We first took to Twitter to ask for donations of materials to redo the toilets in the Issa Kane elementary school. We did it quickly and posted the photos on Twitter. Several other schools saw the images on social media and reached out to us to ask for help. We also raised enough money online to redo the girls toilets at Blaise Diagne High School.

"Not for the faint of heart!" reads the caption in French.

We started renovation work at Blaise Diagne High School. The first step, as usual, is to redo the plumbing, which dates from antiquity. We prioritized the girl’s toilets because, most often, they are forced to go home when they have their periods because there aren’t proper facilities at school. They miss class, which affects their grades.

"When the children are inside, they see the sky”

Awa Ndiaye Sarr, who is the head teacher at Ousmane Sembène High School, smiles. Without Diakhaté’s help, she says she would have had to wait at least a year for the national educational building organization to send workers to renovate the classrooms:

 

The classrooms that Diakhaté is renovating were built in 1979, and they are very dilapidated. The conditions are far from ideal for learning and teaching. When the children are inside, they see the sky. And when it rains, we have to cancel classes. 

We wrote to the schools inspection office in Dakar, and leadership from the educational construction department came to see the classrooms, but they couldn’t do anything because renovations weren’t part of the 2019-2020 budget.

But we can’t wait because we are also a testing center.

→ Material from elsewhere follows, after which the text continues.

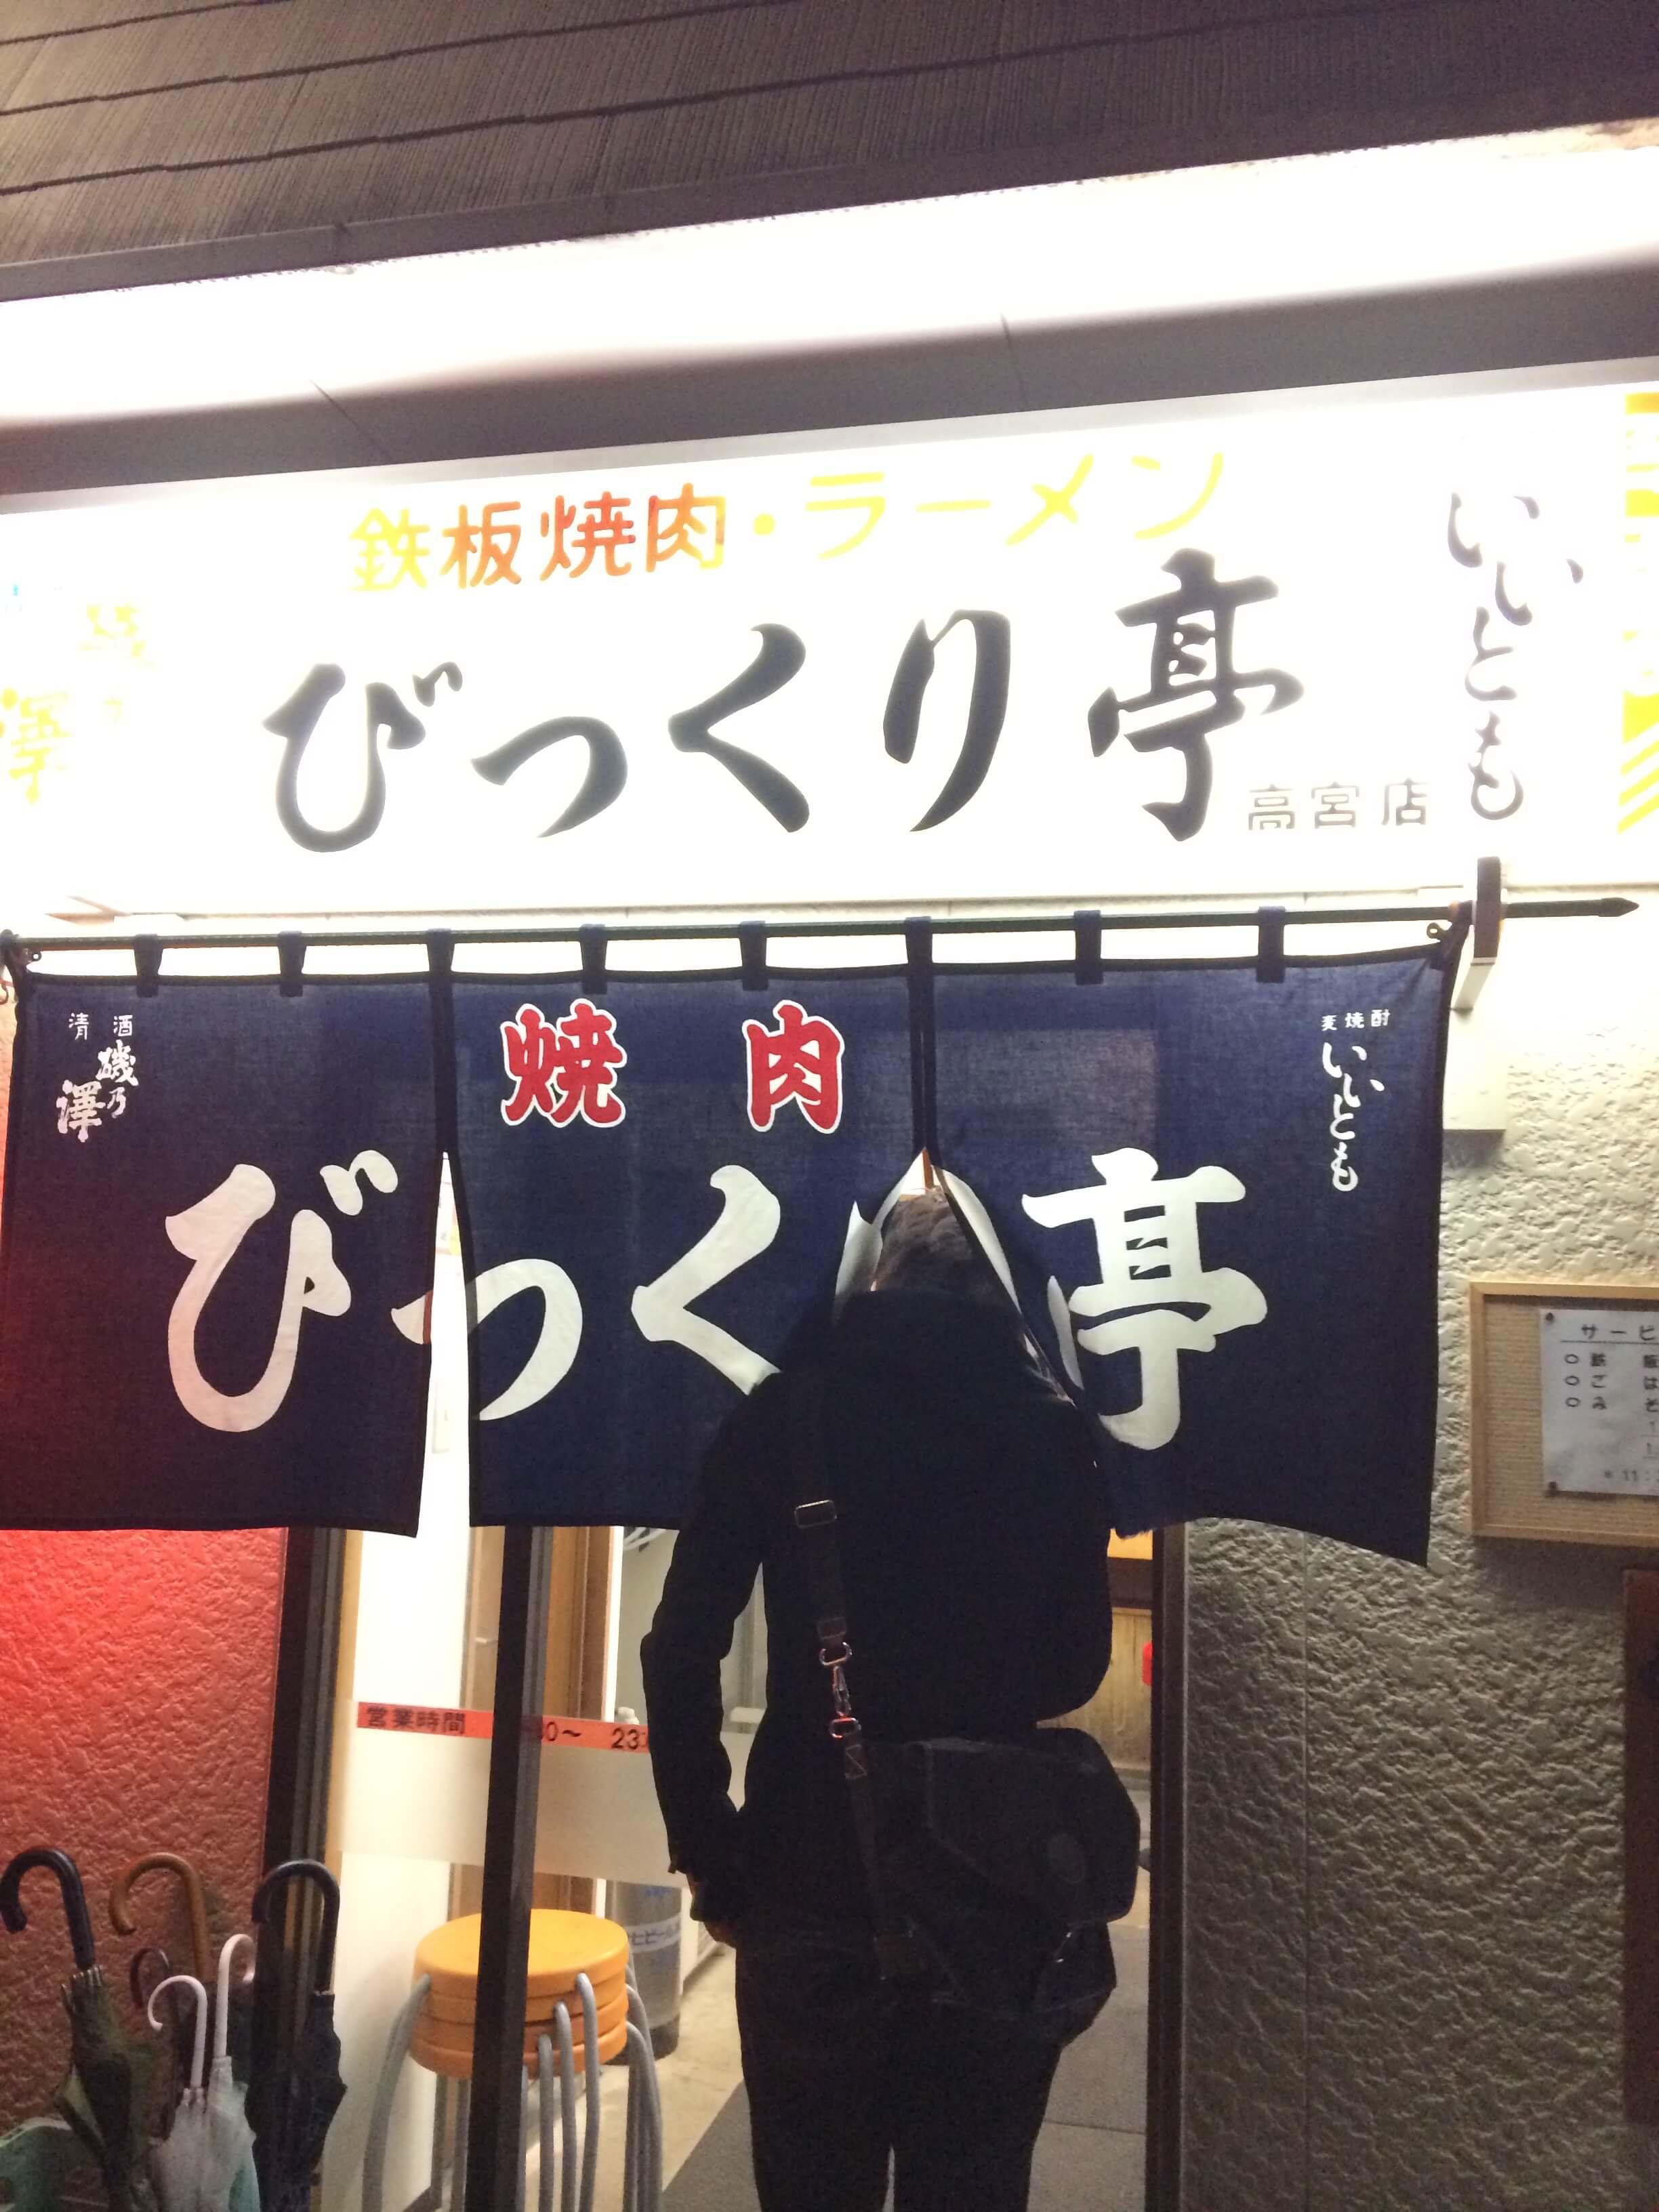 びっくり亭高宮店入口

What really struck me about Diakhaté is his diligence and the swiftness with which he launched the project. I sent him videos and he came the very next day.

"Schools don’t have the means to address their needs"

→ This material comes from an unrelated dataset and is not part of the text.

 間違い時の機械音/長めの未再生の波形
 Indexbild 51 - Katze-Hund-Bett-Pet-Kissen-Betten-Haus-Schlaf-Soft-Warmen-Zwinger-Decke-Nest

Diakhaté, who also launched an organization called the Association for Simple Citizen Action (SAC) in 2018, said that he has received at least forty requests from schools to renovate their classrooms or toilets.

We aren’t trying to stand in for the government. But we want to raise our voices and do our part. Local communities want to become more invested in education and have an impact. But they struggle to find the right initiatives. Social media is a unique way to do connect them.